We invite others to join us in these explorations. There are many opportunities for research. For example, a future effort could study the health benefits associated with learning in a community: Can learning in retirement protect against memory loss or diminished mobility? How does it compare to other social activities such as bridge or arts clubs, volunteer work, or religious attendance? How does it compare to writing on your own? How do those who choose to write about themselves already differ from those who don’t? Do learning styles change with age? Do seminars work better than lectures? What benefits persist if the person learning is mostly interacting with a computer? If some learning communities work better than others, how and why is this so?

In this book we don’t try to integrate our findings with a systematic review of others’ work. We also recognize that HILR members are mostly educated, professional, older people with incomes above the national median for our age group. Those interested in additional research might therefore include comparisons with adults of different economic and educational levels, with other lifestyles or occupations, and in other settings.

Interest in studies of aging already extends to other institutes for learning in retirement. Those of us who started the New Pathways project have met with people from a dozen such institutes to exchange ideas about enriching curricula through conversations on aging and death. As Sharon Sokoloff, Director of the Brandeis Osher Lifelong Learning Institute, said: “All of us are engaged in making meaning of this stage of life.”

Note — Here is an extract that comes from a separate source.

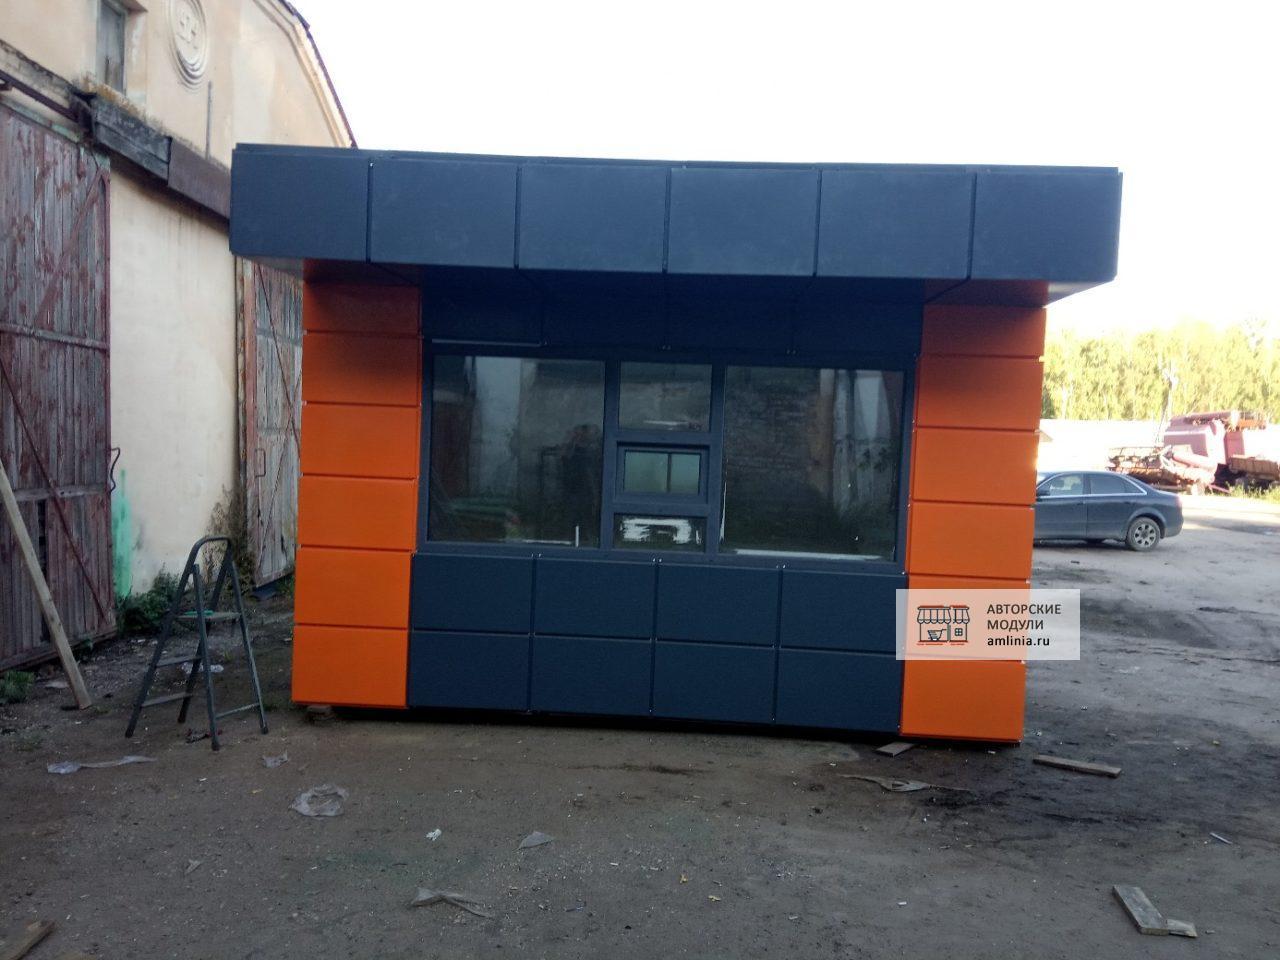 Павильон для торговли графитово-оранжевый 4,0 х 2,5 х 2,87 метра

We hope this volume inspires elders to put their limitations aside and rather than passively accept the downside, be open to the opportunities of aging. The sources of resilience, optimism, and new forms of creativity are the same wellsprings that inspire people to join organizations focused on learning or other stimulating and supportive groups in the first place. The more we can create, map, and exchange varieties of pathways for aging, the smoother the journey for each of us.

We invite each of you to join us as together we make our aging a positive adventure.